This morning we read that it might take EPA a bit longer than anticipated just a few days ago to bless the new ASTM standard for environmental site assessments. Why? Because at least one of the lawyers who spent countless hours developing the new standard is criticizing EPA's plan to allow adherence to either the old standard or the new standard and that is going to require a more time consuming administrative process than EPA had anticipated.
That lawyer, Larry Schnapf, seems to have a very valid point. If the experts agree that the old standard needed revision, and they did, isn't it counterproductive for EPA to continue to bless the old standard? In fact, if the definition of "standard" is "an idea or thing used as a measure, norm or model" (and it is), how can you have two standards for the same thing?

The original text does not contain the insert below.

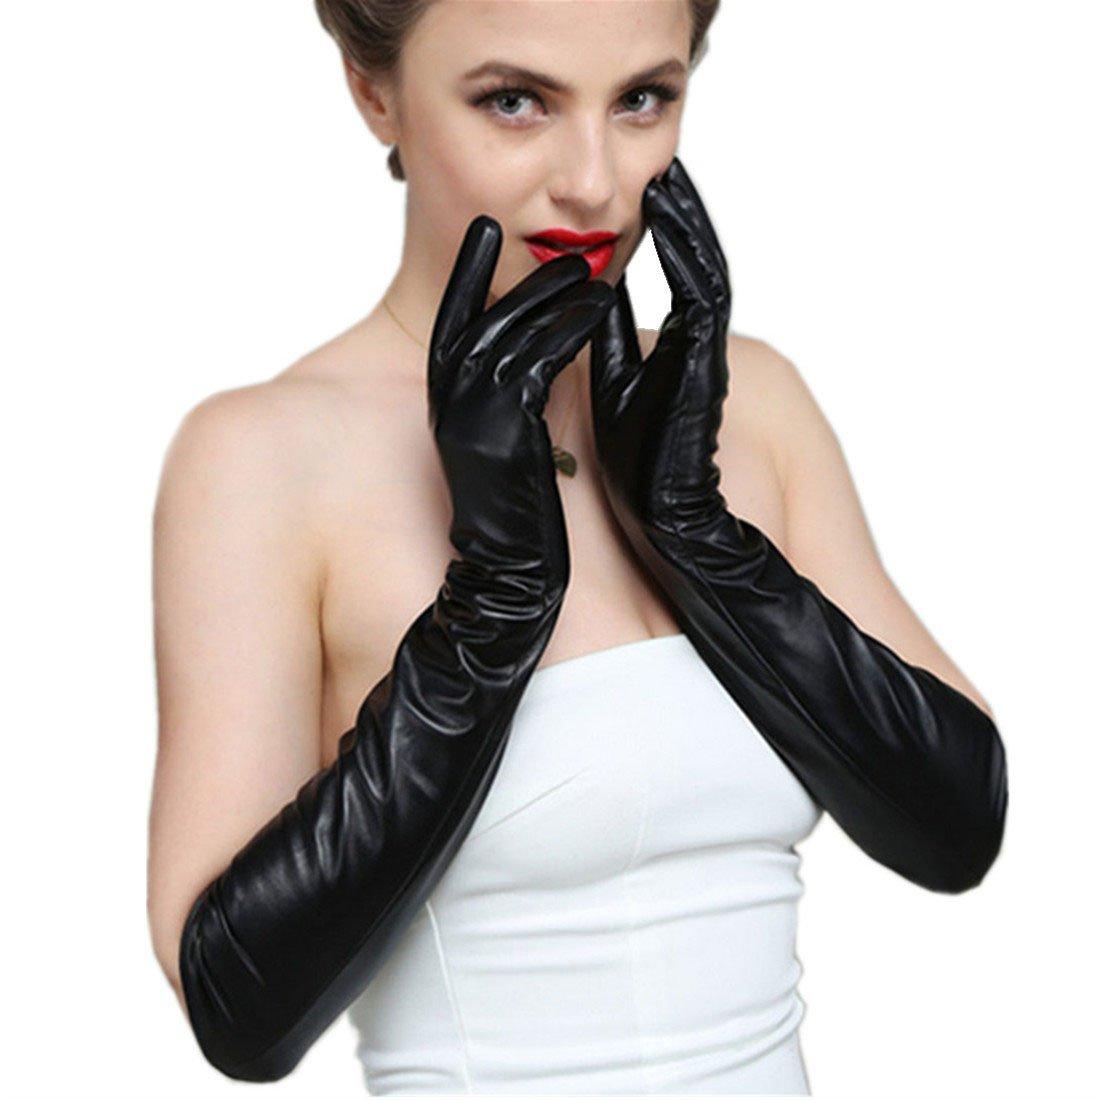 D.King Women Lambskin Leather Gloves Touchscreen Long Evening Dress Driving Gloves
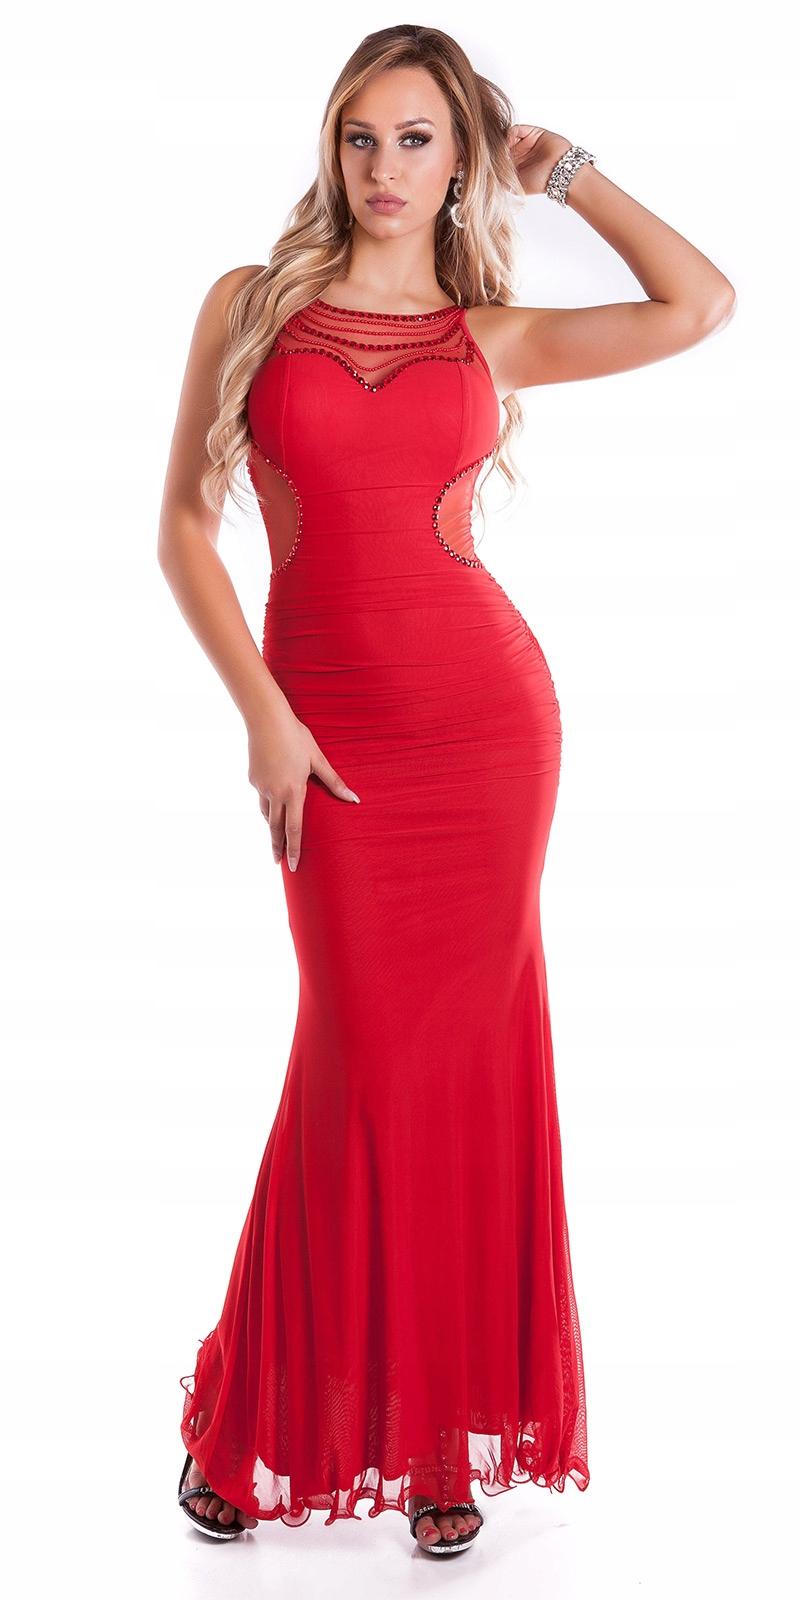 suknia sukienka wieczorowa WESELE 36 S na JUŻ.

In any event, regardless of what EPA does, and how long it takes, as I wrote last week, you can and should collaborate with your environmental professionals now on the environmental site assessment scope that makes sense for you.
Any environmental professional you should be dealing with will be willing to provide you an environmental site assessment that meets the requirements of both the old standard and the new one.
EPA’s allowing the flexibility to use either ASTM standard practice -- the new one or the previous one -- will only result in confusion and uncertainty and allow some assessors to “skimp on the kind of critical historical research that E1527-21 clarifies is necessary and consistent with good commercial and customary practices,” says Schnapf.